BEGIN COLLECTED DATA

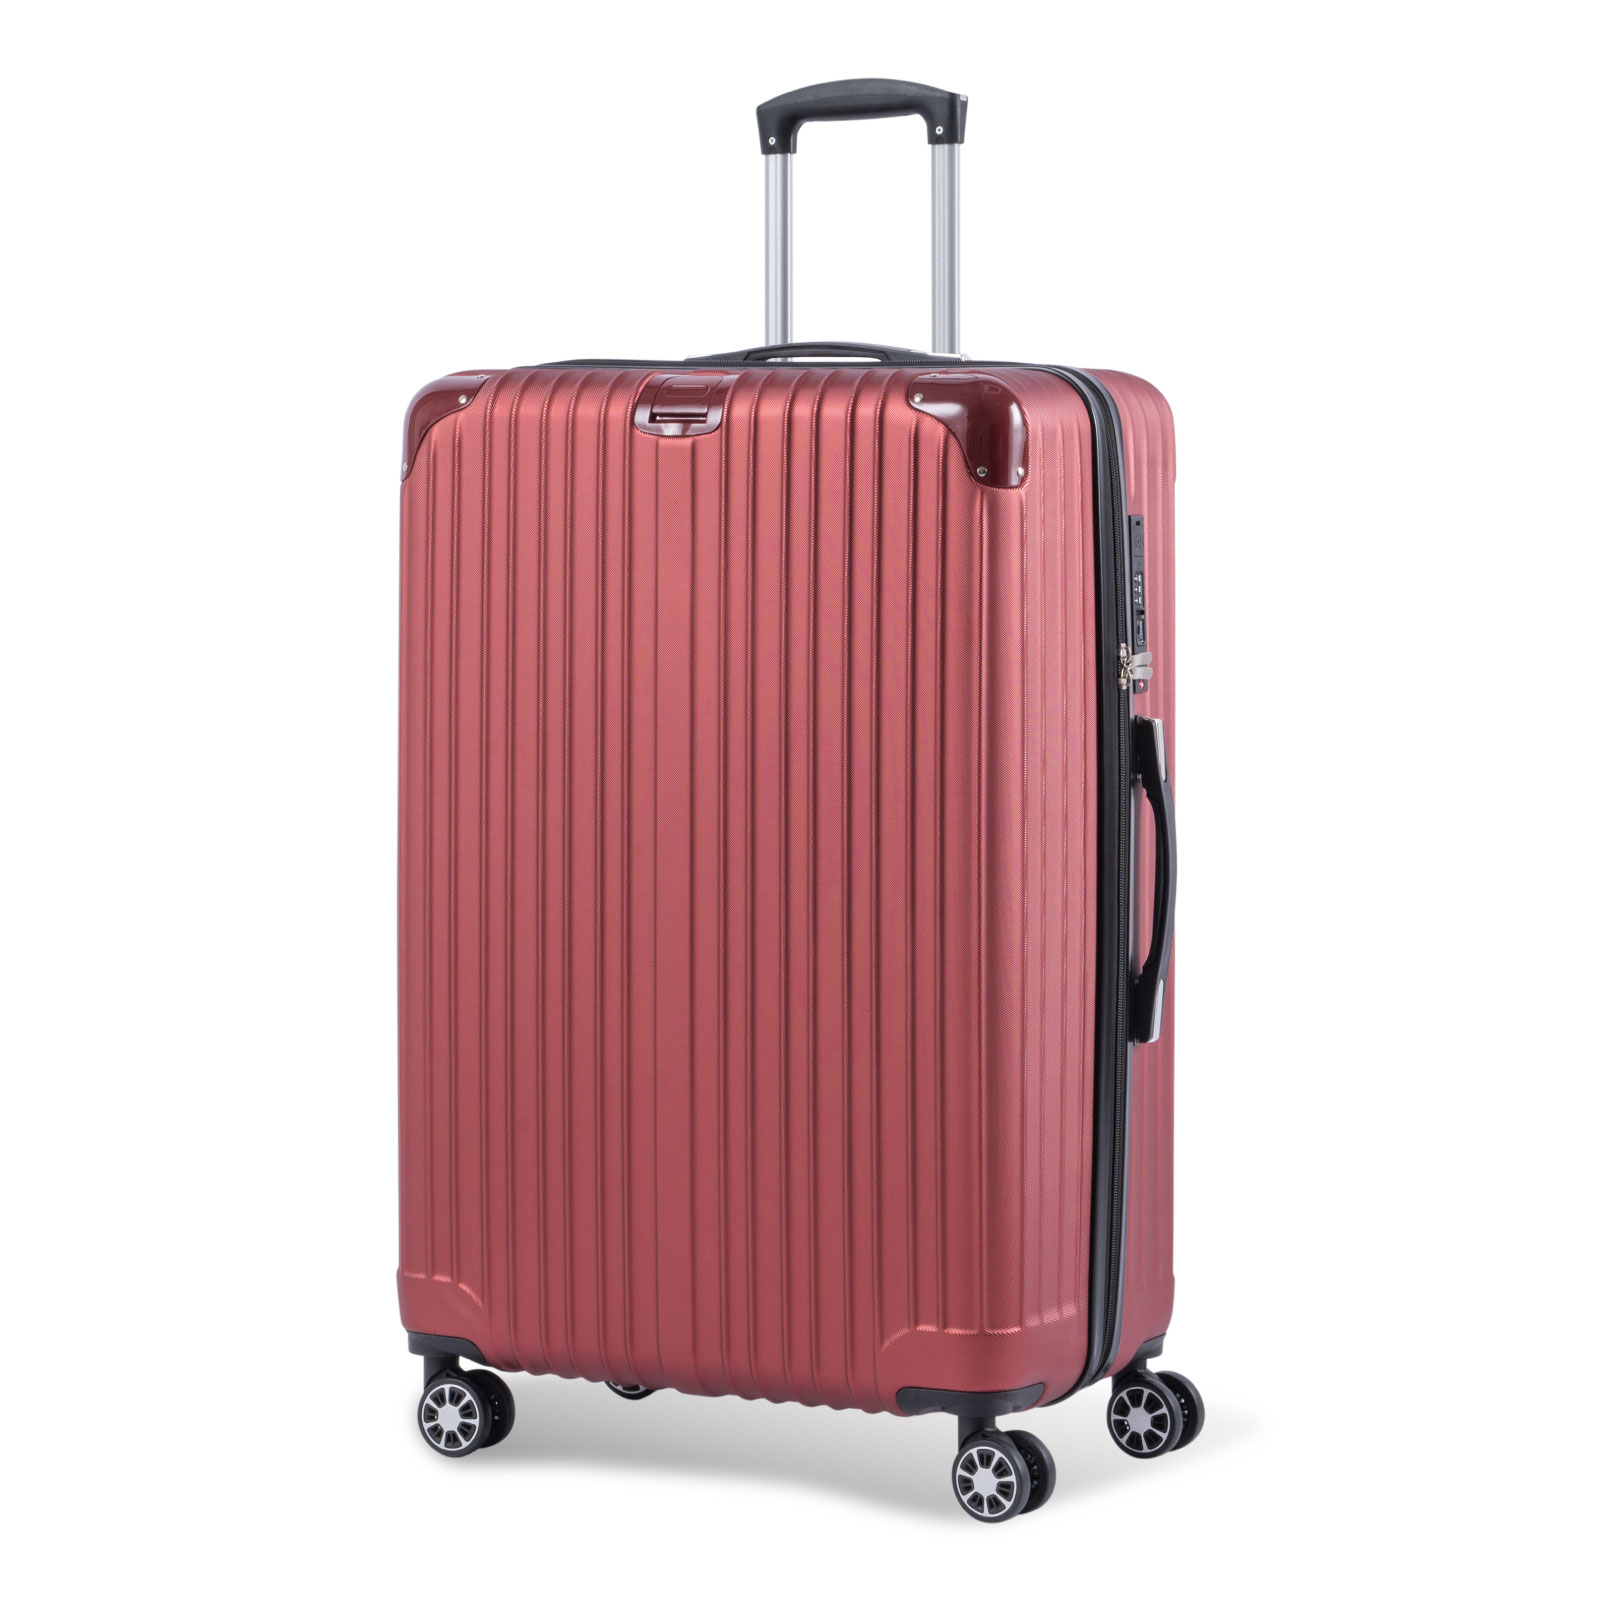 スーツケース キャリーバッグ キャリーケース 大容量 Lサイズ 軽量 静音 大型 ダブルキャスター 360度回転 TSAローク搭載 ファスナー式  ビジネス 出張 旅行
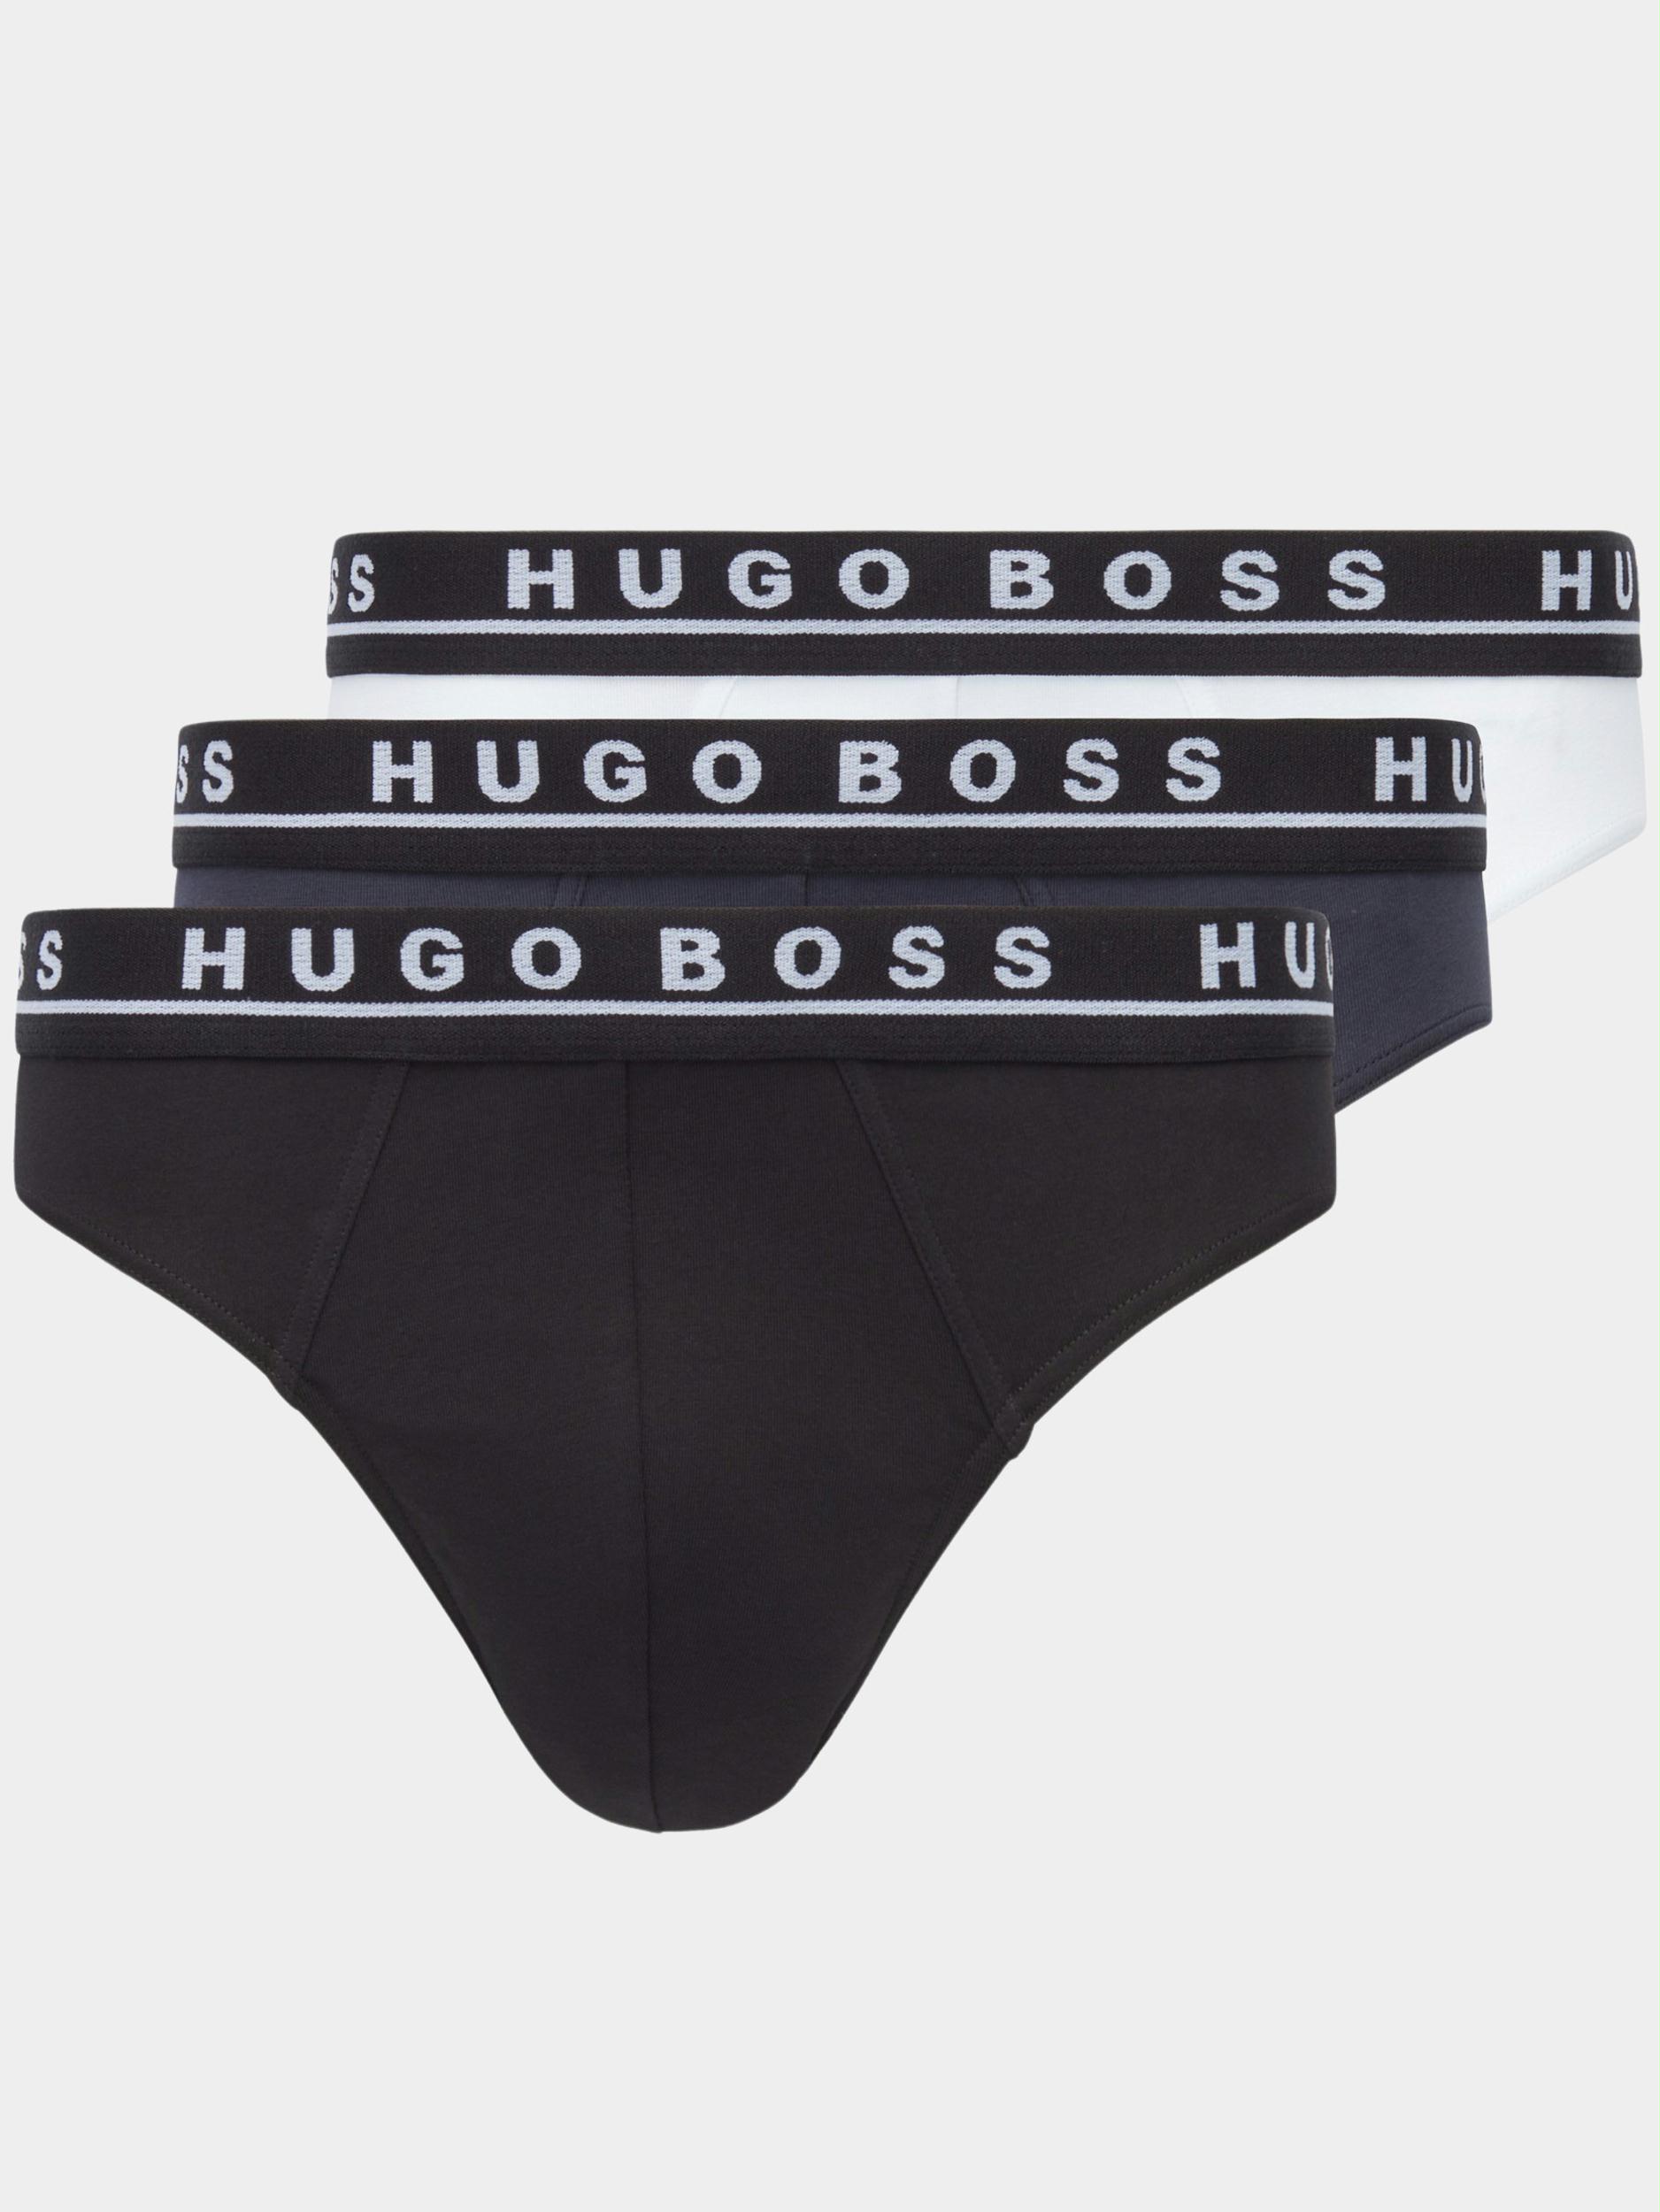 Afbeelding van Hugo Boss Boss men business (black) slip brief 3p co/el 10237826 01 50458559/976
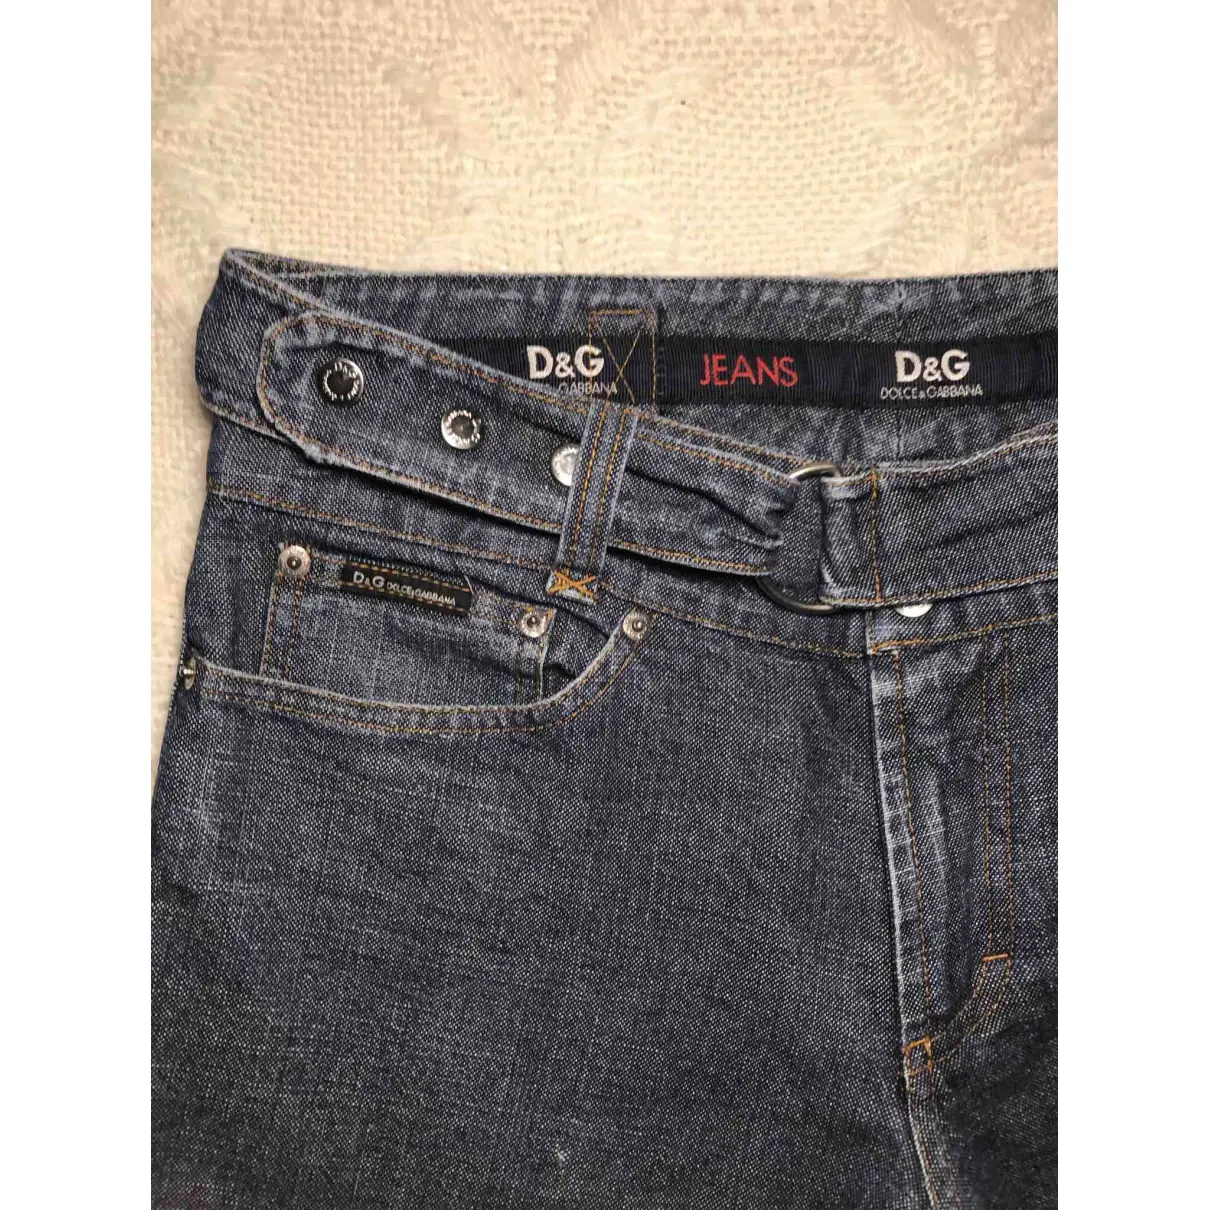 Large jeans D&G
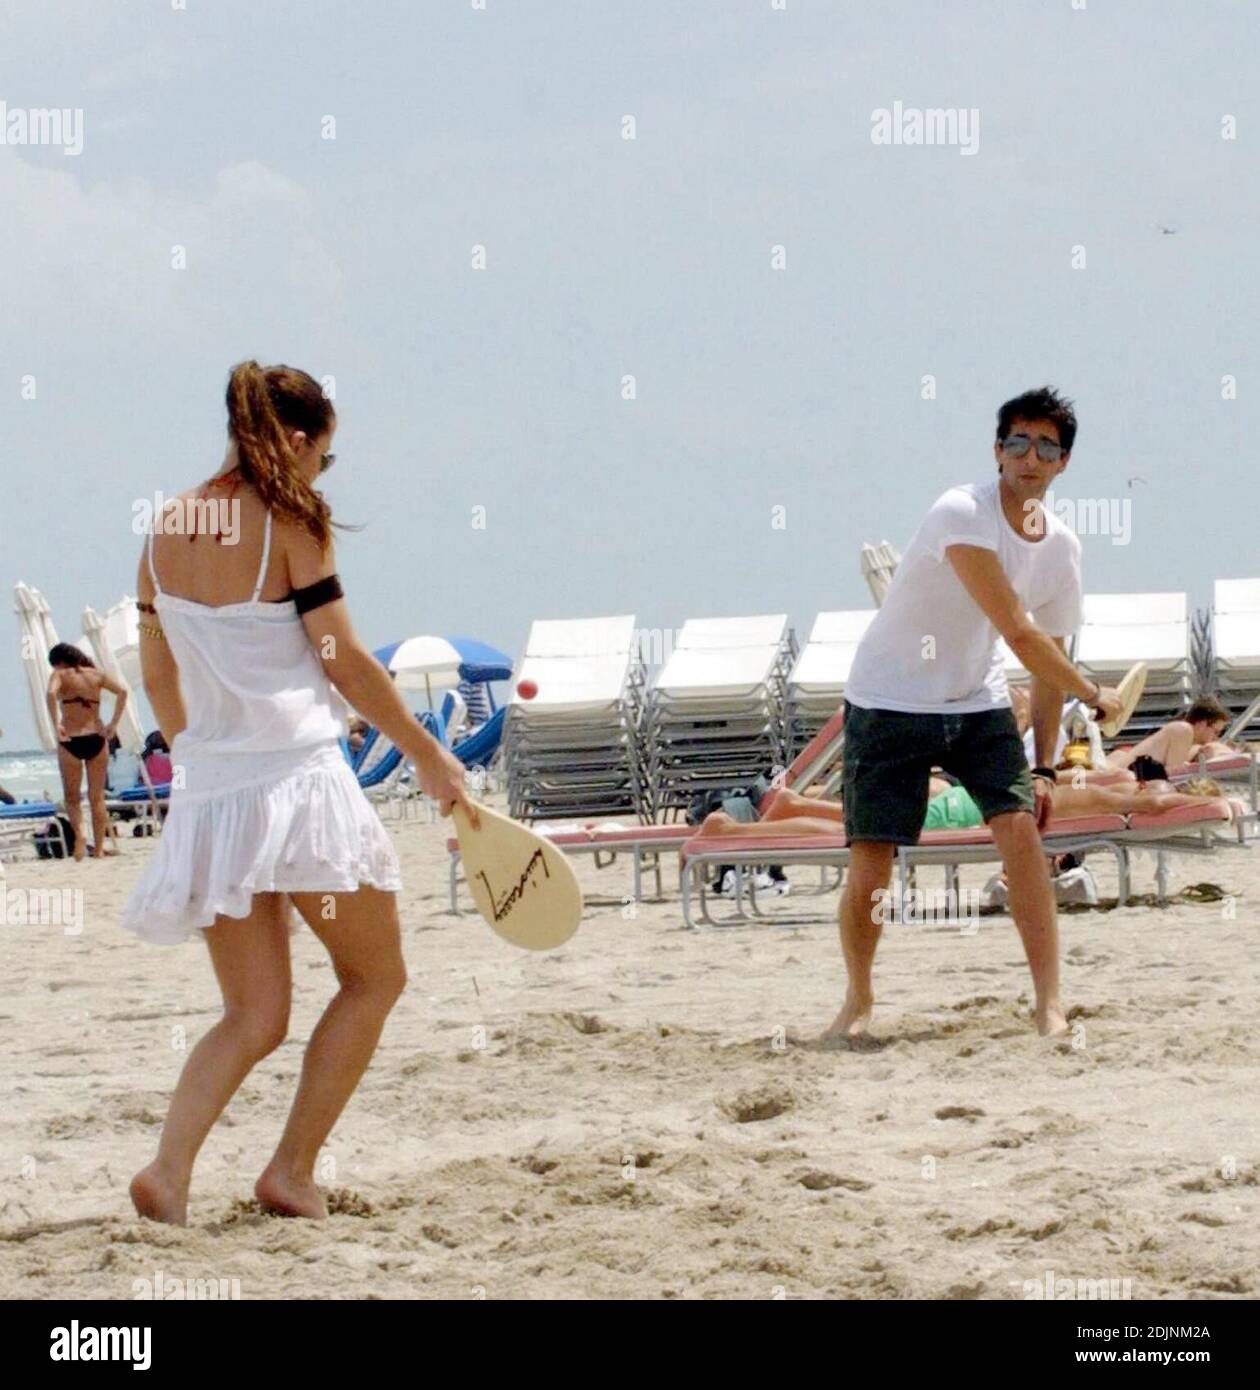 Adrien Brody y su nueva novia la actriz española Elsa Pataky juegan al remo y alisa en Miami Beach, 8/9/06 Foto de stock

END COLLECTED DATA

— WHAT YOU ARE ASKED TO DO —
Retype the whole of the data verbatim. Skip every picture.

— RESPONSE AREA —
 スーツケース キャリーバッグ キャリーケース 大容量 Lサイズ 軽量 静音 大型 ダブルキャスター 360度回転 TSAローク搭載 ファスナー式  ビジネス 出張 旅行
 Afbeelding van Hugo Boss Boss men business (black) slip brief 3p co/el 10237826 01 50458559/976
 Large jeans D&G
 Adrien Brody y su nueva novia la actriz española Elsa Pataky juegan al remo y alisa en Miami Beach, 8/9/06 Foto de stock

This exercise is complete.